Thursday, January 5, 2012

Spooky Jookie

                I have been working on this whole idea of “new beginnings” for a while now. Reinventing myself, or discovering myself for the first time. I am learning more about my voice, about my body, about my mind, about my character. Learning new things about yourself is both fascinating and terrifying, as are most things in life. But opening my mouth to sing and hearing and feeling things come out that have never existed before? I don’t even know how to describe that. It’s like knowing someone with a stove but never knowing they could cook.
                There are other things that have bothered me a bit. Apparently I get mean when I’m drunk. I mean, I am a naturally brash person, but I, in no way mean to come across as abrasive. I’m working on that. On a side note, I make decisions that shock me from time to time. Tonight, I went to downtown Tulsa, to a guy’s house. A guy who I have never met, who I know almost nothing about, and who I met on Craigslist. It was in response to an ad he posted looking for people interested in a musical collaboration. I guess it’s not too outrageous for me to have been concerned, that might even be normal. I did the smart thing, gave Cam all the information I had on the guy: name, phone number, directions to his house, and I made sure he had my tag number. Also, I borrowed his pocket knife. It’s the knife that bothers me. I like to think I am a peaceful person, but I also know that neither rape nor murder, sound like very much fun. But still, I am the kind of person that if I caught you stealing from me, I would look at you with disappointed eyes and probably give you whatever it was you wanted. Not saying that I would just give it up to a potential rapist, but I don’t think I would be able to stab anyone. Eh, who knows, maybe I am just over thinking it because the people I met are some of the most genuinely nice people I have ever been around. Like really these people were wonderful, I hope I made enough of an impression on them that potential music happens. I miss performing, and we all know I could use a good solid creative outlet. I get dumb when I’m bored.

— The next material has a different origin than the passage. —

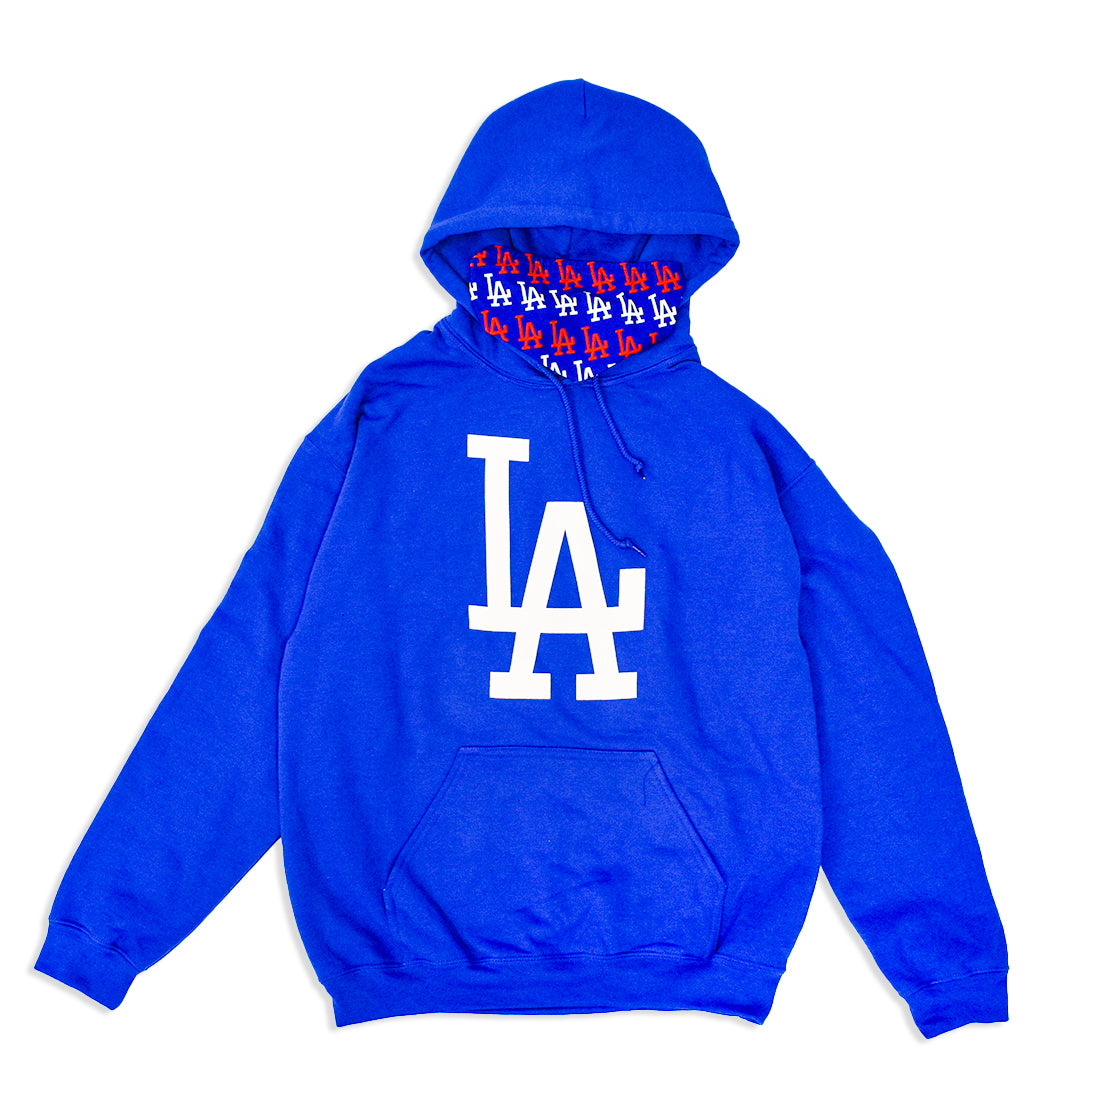 Los Angeles Dodgers Hoodie sweatshirt S, M, L, XL, 2X, 3X NEW!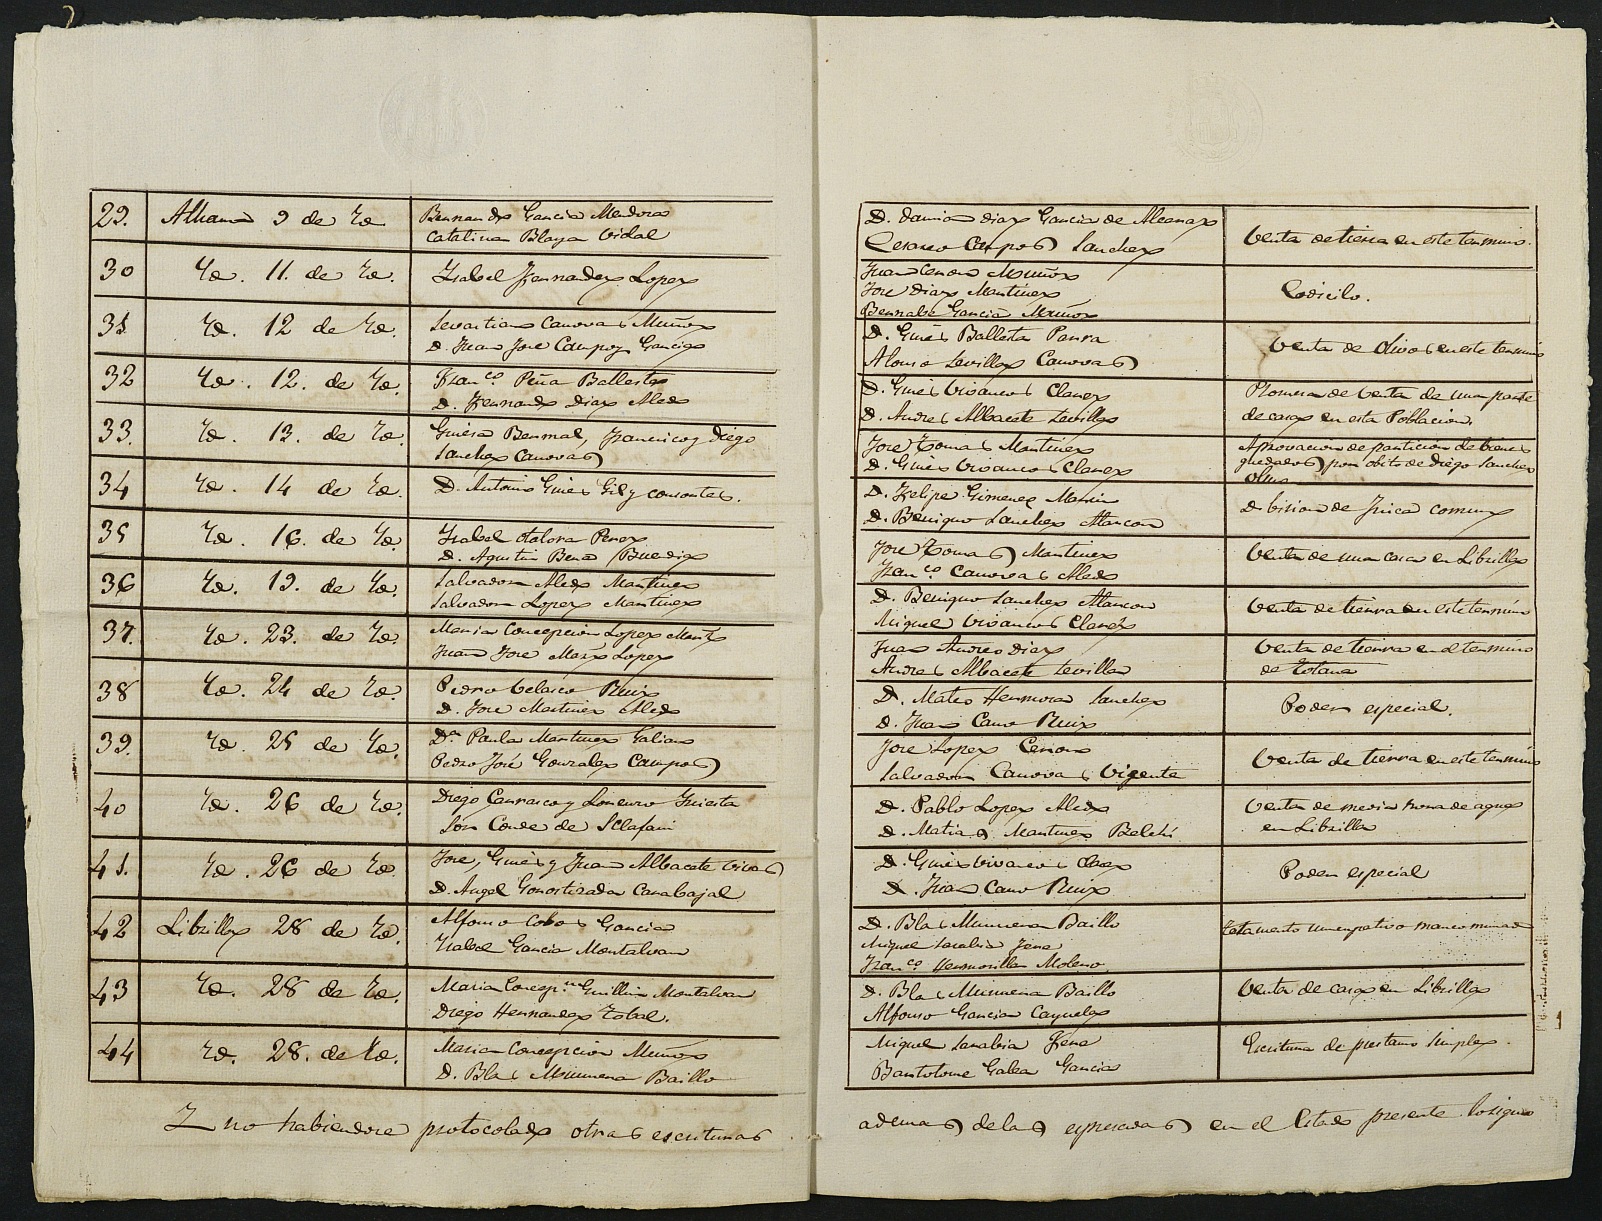 Índices de escrituras del notario Sixto Zamora Quetenti, Alhama de Murcia. Año 1875, enero-noviembre.

                All in all I think this year is headed in a positive direction, I have a possible promotion heading my way, I am getting serious about singing again. And I can do things independently, a little. I’m still a codependent bitch, but I feel like I can go be by myself. And I would actually enjoy it. Like tonight in Downtown. That was all me, and I had a really good time. I have a lot of positive influences in my life right now; this is both a good thing and a bad thing. I need to guard both my heart any my character. I am very easily manipulated and influenced. So it’s good that they are positive influences, but I know that ultimately, it’s me that gets into bed with me every night, and me that wakes up with me every morning. If I am comfortable meeting strangers in unfamiliar places, good for me, as long as I have the cognizance to think of my safety checklist, we are good.
                So as for my most present bit of future, music. Art. Honesty. Beauty. Self discovery. This is what I want out of life. I want to perform, I want to sew and paint and dance. I want to discover new ways to make myself feel beautiful, both inside and out. I want to know the inmost secrets of myself. It bothers me that I’m 21 and I’m still learning new things about myself, but then again. I would love to still be finding things out when I’m 50.